§ PROBLEM DESCRIPTION: Return, word for word, only the lines of the data below that lie between the line with "GUESS Джинсовая верхняя" and the line with "アフィリエイト作業が三日坊主になる原因と克服する5つの方法", those two lines included.

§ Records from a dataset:
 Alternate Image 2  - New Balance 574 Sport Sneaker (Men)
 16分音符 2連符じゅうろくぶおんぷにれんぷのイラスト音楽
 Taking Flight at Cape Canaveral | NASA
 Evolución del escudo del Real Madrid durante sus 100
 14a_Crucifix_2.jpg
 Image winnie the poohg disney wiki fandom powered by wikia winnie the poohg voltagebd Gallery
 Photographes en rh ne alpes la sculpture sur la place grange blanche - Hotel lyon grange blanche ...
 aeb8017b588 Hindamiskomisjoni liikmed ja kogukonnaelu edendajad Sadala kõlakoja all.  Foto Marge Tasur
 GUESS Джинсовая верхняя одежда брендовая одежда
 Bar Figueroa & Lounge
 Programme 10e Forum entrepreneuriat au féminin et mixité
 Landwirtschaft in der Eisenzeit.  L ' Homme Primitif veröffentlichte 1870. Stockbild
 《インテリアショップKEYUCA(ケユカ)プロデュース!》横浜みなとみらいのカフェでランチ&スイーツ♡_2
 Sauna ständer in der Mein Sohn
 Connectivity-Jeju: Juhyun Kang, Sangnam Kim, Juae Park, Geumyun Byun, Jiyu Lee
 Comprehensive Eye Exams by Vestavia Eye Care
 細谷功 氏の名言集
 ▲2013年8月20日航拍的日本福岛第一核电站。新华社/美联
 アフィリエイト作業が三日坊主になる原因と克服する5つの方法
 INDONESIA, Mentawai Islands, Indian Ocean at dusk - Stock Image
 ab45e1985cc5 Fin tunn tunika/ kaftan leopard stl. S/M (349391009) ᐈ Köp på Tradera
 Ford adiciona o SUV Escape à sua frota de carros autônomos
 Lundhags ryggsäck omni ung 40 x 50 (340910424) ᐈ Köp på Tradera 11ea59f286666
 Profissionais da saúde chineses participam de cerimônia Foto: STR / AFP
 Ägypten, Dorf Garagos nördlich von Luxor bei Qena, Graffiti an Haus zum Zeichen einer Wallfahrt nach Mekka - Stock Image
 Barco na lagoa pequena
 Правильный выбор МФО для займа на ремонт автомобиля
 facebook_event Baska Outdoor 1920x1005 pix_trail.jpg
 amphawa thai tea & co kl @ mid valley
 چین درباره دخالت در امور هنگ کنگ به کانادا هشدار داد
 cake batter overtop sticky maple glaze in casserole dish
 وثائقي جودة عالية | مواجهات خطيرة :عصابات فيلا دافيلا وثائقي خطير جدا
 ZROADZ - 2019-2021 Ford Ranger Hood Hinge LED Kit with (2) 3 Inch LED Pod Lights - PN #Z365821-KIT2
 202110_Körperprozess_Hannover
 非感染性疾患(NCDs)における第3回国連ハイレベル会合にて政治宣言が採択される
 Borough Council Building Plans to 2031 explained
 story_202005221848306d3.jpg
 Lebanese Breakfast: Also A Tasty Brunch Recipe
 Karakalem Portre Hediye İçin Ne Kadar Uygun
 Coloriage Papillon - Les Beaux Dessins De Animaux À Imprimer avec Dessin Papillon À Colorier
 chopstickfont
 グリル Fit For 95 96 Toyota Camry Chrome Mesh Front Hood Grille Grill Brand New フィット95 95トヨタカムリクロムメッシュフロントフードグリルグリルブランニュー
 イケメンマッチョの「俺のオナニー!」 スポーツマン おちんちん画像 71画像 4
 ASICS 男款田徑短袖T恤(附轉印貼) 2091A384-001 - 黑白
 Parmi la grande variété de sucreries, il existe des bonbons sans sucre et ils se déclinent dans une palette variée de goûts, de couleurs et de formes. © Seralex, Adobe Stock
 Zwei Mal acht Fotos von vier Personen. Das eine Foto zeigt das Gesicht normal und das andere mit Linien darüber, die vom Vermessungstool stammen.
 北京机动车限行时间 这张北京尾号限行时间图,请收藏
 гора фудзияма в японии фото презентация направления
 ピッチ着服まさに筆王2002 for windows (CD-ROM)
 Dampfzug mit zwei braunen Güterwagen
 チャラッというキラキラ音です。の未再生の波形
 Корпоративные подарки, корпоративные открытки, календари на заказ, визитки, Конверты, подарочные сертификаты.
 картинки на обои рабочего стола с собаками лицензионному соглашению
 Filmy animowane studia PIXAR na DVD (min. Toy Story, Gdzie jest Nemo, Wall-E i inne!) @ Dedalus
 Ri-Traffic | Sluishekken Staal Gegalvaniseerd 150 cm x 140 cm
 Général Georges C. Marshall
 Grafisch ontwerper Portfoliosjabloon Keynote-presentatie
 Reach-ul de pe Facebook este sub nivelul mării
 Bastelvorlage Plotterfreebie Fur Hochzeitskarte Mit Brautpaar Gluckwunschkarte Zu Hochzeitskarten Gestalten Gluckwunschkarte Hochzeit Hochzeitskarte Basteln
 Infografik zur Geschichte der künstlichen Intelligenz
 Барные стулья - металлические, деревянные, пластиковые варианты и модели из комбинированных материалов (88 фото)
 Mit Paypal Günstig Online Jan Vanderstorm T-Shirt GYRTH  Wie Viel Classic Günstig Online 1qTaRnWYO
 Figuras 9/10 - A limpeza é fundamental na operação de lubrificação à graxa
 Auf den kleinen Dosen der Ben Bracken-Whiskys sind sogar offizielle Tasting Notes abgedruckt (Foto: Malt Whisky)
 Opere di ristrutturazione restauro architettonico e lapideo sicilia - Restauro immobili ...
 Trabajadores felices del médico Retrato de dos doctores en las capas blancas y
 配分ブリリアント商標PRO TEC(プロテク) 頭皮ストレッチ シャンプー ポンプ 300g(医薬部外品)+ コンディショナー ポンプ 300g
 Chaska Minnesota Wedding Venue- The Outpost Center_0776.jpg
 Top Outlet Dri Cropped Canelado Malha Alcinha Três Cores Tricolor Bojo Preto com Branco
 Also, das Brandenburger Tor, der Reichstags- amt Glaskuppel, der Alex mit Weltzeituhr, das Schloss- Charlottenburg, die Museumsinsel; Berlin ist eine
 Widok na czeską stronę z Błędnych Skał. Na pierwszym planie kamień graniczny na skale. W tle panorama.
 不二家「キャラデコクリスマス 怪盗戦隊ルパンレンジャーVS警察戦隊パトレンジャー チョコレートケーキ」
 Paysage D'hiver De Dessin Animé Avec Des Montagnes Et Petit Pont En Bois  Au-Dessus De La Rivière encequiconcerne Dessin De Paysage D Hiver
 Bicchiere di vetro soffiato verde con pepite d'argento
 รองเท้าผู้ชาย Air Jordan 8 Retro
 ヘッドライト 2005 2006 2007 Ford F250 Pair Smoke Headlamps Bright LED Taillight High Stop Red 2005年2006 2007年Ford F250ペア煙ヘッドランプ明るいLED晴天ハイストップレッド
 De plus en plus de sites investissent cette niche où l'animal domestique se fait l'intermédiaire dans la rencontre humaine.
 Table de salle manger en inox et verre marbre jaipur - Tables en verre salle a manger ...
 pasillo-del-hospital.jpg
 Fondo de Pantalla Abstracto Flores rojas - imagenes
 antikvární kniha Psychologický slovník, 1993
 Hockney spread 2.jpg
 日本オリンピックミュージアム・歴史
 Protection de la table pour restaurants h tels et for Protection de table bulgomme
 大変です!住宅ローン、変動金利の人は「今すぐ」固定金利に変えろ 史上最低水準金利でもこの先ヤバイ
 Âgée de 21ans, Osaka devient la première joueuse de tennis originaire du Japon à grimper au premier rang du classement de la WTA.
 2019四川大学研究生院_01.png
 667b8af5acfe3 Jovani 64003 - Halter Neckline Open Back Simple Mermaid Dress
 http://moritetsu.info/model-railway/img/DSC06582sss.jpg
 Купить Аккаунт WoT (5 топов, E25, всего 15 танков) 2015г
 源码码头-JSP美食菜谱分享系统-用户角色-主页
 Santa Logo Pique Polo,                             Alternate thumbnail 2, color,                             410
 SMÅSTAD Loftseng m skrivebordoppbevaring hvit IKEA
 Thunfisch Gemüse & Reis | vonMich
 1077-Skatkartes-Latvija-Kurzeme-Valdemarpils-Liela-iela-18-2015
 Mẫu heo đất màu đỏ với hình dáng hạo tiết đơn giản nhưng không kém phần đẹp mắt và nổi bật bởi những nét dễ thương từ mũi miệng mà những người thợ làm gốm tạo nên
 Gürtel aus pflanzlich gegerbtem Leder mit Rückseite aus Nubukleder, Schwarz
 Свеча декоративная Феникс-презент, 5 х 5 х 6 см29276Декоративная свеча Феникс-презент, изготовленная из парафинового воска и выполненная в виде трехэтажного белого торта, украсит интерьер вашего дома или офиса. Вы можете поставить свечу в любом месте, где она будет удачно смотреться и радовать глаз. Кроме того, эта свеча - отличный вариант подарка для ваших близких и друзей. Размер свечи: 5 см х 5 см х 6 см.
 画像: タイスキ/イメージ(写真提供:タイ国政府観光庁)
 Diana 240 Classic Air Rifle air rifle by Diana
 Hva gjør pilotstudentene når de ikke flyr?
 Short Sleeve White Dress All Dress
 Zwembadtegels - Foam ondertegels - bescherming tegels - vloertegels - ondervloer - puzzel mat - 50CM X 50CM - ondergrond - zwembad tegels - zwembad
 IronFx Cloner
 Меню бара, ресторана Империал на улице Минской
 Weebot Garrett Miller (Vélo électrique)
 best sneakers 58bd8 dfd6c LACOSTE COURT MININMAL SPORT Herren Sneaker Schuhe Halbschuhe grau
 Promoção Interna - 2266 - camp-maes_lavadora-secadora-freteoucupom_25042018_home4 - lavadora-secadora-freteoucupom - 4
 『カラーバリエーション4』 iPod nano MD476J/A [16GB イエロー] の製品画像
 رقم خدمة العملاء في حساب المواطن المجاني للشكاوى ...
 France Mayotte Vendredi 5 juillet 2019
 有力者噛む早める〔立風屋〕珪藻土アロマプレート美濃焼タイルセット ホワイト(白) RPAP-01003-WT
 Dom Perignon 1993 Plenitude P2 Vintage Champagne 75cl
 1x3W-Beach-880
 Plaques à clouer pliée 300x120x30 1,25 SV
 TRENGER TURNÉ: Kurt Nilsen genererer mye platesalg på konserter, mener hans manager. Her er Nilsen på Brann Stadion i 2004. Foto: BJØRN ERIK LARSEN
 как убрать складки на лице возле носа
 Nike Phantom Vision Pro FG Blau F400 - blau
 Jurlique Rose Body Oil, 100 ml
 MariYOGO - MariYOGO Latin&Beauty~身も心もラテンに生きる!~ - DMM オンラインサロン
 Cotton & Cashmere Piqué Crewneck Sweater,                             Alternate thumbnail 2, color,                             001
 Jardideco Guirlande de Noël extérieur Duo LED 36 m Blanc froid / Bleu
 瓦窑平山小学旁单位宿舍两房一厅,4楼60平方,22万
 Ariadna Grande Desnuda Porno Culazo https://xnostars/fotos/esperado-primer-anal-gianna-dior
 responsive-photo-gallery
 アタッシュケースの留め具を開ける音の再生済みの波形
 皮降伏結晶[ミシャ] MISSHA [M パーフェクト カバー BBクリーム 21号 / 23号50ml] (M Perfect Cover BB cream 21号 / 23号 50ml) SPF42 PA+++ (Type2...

§ RESULT FOR THIS EXERCISE:
 GUESS Джинсовая верхняя одежда брендовая одежда
 Bar Figueroa & Lounge
 Programme 10e Forum entrepreneuriat au féminin et mixité
 Landwirtschaft in der Eisenzeit.  L ' Homme Primitif veröffentlichte 1870. Stockbild
 《インテリアショップKEYUCA(ケユカ)プロデュース!》横浜みなとみらいのカフェでランチ&スイーツ♡_2
 Sauna ständer in der Mein Sohn
 Connectivity-Jeju: Juhyun Kang, Sangnam Kim, Juae Park, Geumyun Byun, Jiyu Lee
 Comprehensive Eye Exams by Vestavia Eye Care
 細谷功 氏の名言集
 ▲2013年8月20日航拍的日本福岛第一核电站。新华社/美联
 アフィリエイト作業が三日坊主になる原因と克服する5つの方法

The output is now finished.